It is often helpful to think of the board position as a very large number. This is often done in computer science. For example, the halting problem treats a computer program (rightly) as a large number.

The first solution treats the position as a 64 digit base 16 number but as demonstrated there is redundancy in this information (being the 3 unused possibilities per "digit") so we can reduce the number space to 64 base 13 digits. Of course this can’t be done as efficiently as base 16 can but it will save on storage requirements (and minimizing storage space is our goal).
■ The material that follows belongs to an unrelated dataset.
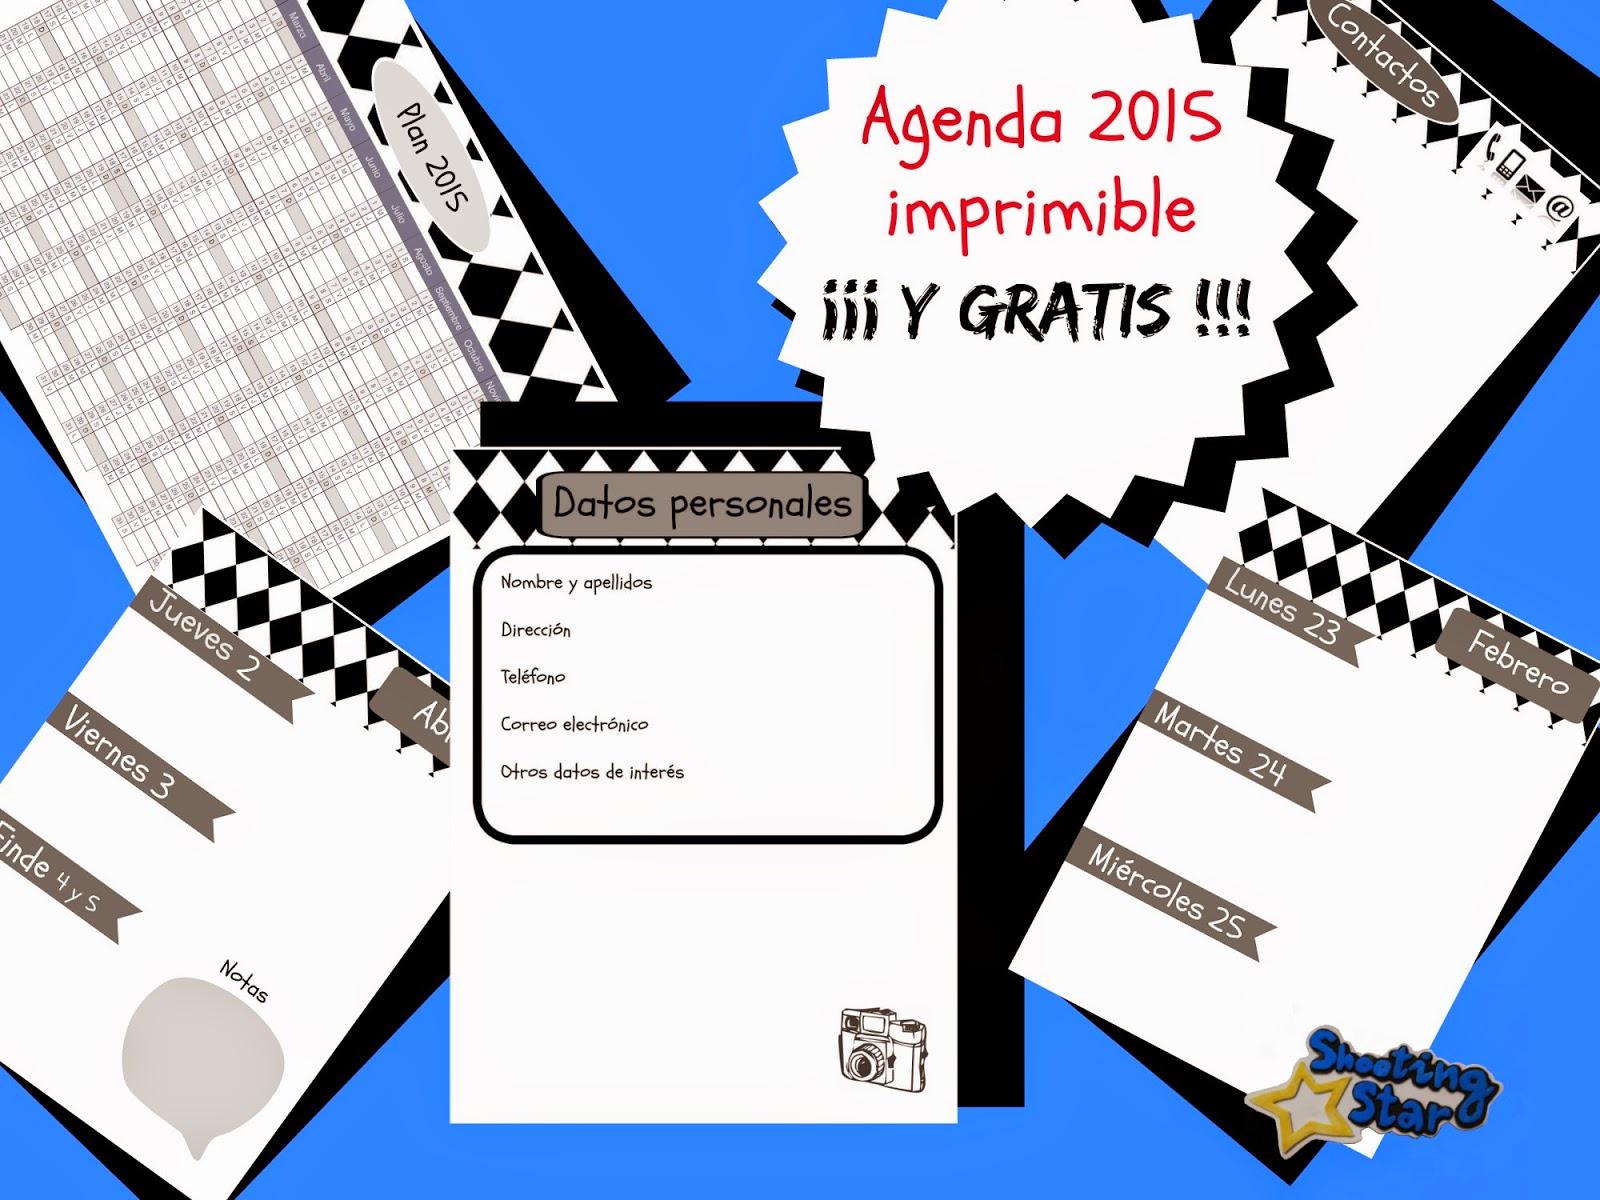 imprimible gratis agenda 2015
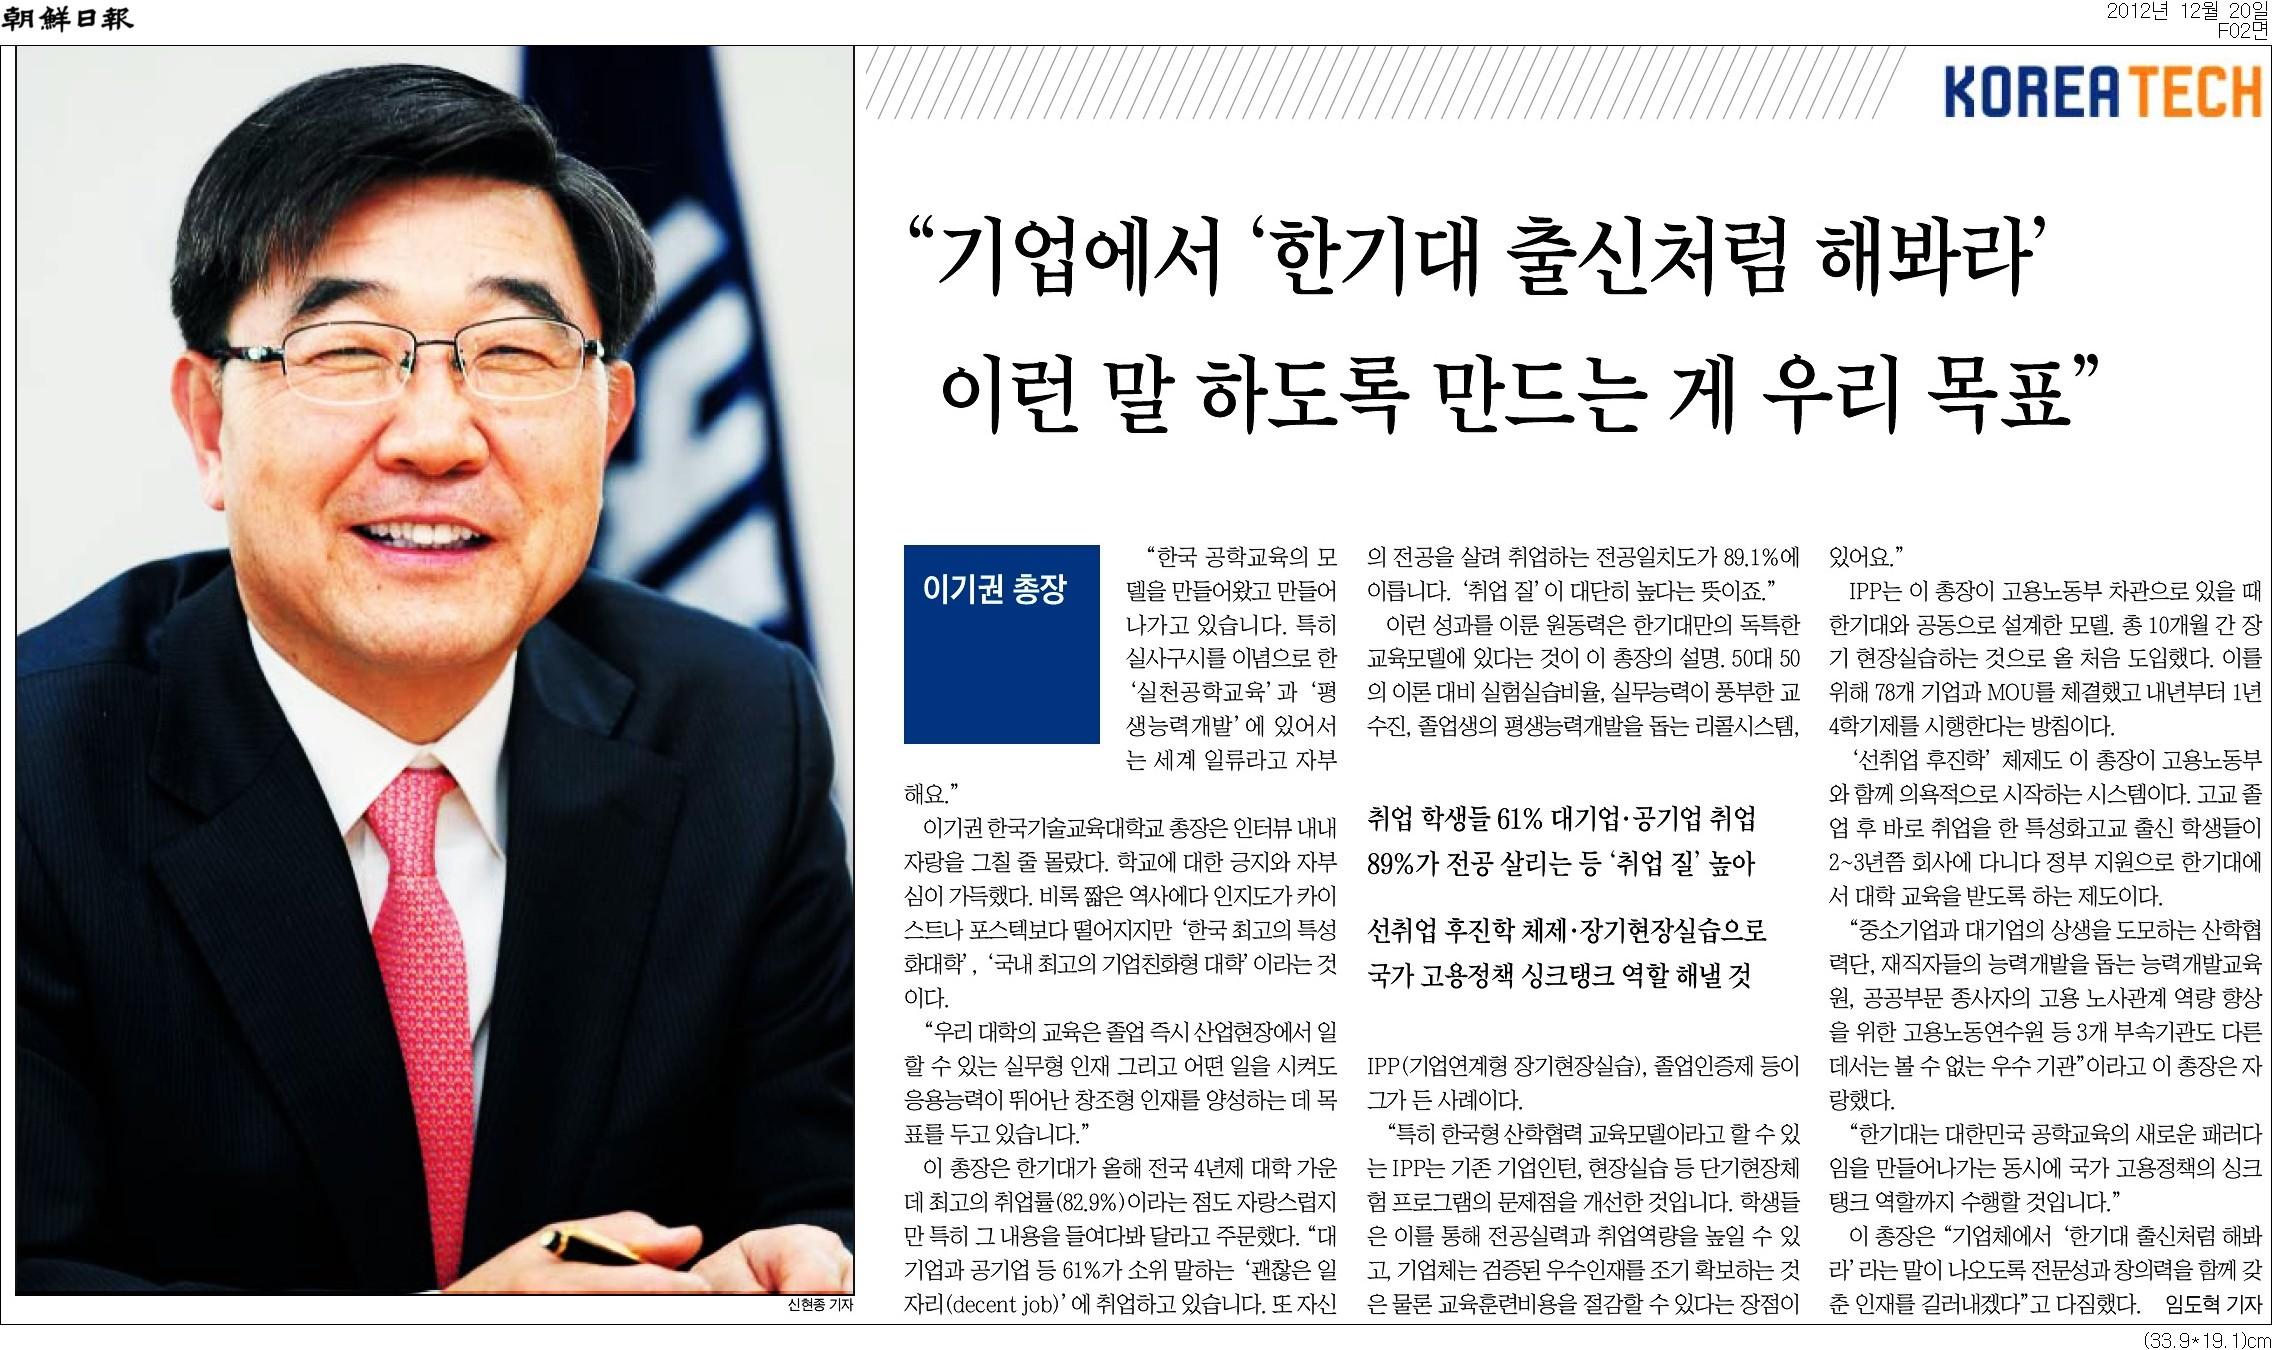 [조선일보]˝기업에서 '한기대 출신처럼 해봐라' 이런 말 하도록 만드는 게 우리 목표˝

In base 10 the number 234 is equivalent to 2 x 10² + 3 x 10¹ + 4 x 10⁰.

In base 16 the number 0xA50 is equivalent to 10 x 16² + 5 x 16¹ + 0 x 16⁰ = 2640 (decimal).

So we can encode our position as p₀ x 13⁶³ + p₁ x 13⁶² + ... + p₆₃ x 13⁰ where p_i represents the contents of square i.

2²⁵⁶ equals approximately 1.16e77. 13⁶⁴ equals approximately 1.96e71, which requires 237 bits of storage space. That saving of a mere 7.5% comes at a cost of significantly increased manipulation costs.

Variable Base Encoding

In legal boards certain pieces can’t appear in certain squares. For example, pawns cannot occur at in the first or eighth ranks, reducing the possibilities for those squares to 11. That reduces the possible boards to 11¹⁶ x 13⁴⁸ = 1.35e70 (approximately), requiring 233 bits of storage space.

Actually encoding and decoding such values to and from decimal (or binary) is a little more convoluted but it can be done reliably and is left as an exercise to the reader.

Variable Width Alphabets

The previous two methods can both be described as fixed-width alphabetic encoding. Each of the 11, 13 or 16 members of the alphabet is substituted for another value. Each "character" is the same width but the efficiency can be improved when you consider that each character is not equally likely.

Consider Morse code (pictured above). Characters in a message are encoded as a sequence of dashes and dots. Those dashes and dots are transferred over radio (typically) with a pause between them to delimit them.

Notice how the letter E (the most common letter in English) is a single dot, the shortest possible sequence, whereas Z (the least frequent) is two dashes and two beeps.

Such a scheme can significantly reduce the size of an expected message but comes at the cost of increasing the size of a random character sequence.

It should be noted that Morse code has another inbuilt feature: dashes are as long as three dots so the above code is created with this in mind to minimize the use of dashes. Since 1s and 0s (our building blocks) don’t have this problem, it’s not a feature we need to replicate.

Lastly, there are two kinds of rests in Morse code. A short rest (the length of a dot) is used to distinguish between dots and dashes. A longer gap (the length of a dash) is used to delimit characters.

So how does this apply to our problem?

Huffman Coding

There is an algorithm for dealing with variable length codes called Huffman coding. Huffman coding creates a variable length code substitution, typically uses expected frequency of the symbols to assign shorter values to the more common symbols.

In the above tree, the letter E is encoded as 000 (or left-left-left) and S is 1011. It should be clear that this encoding scheme is unambiguous.

This is an important distinction from Morse code. Morse code has the character separator so it can do otherwise ambiguous substitution (eg 4 dots can be H or 2 Is) but we only have 1s and 0s so we choose an unambiguous substitution instead.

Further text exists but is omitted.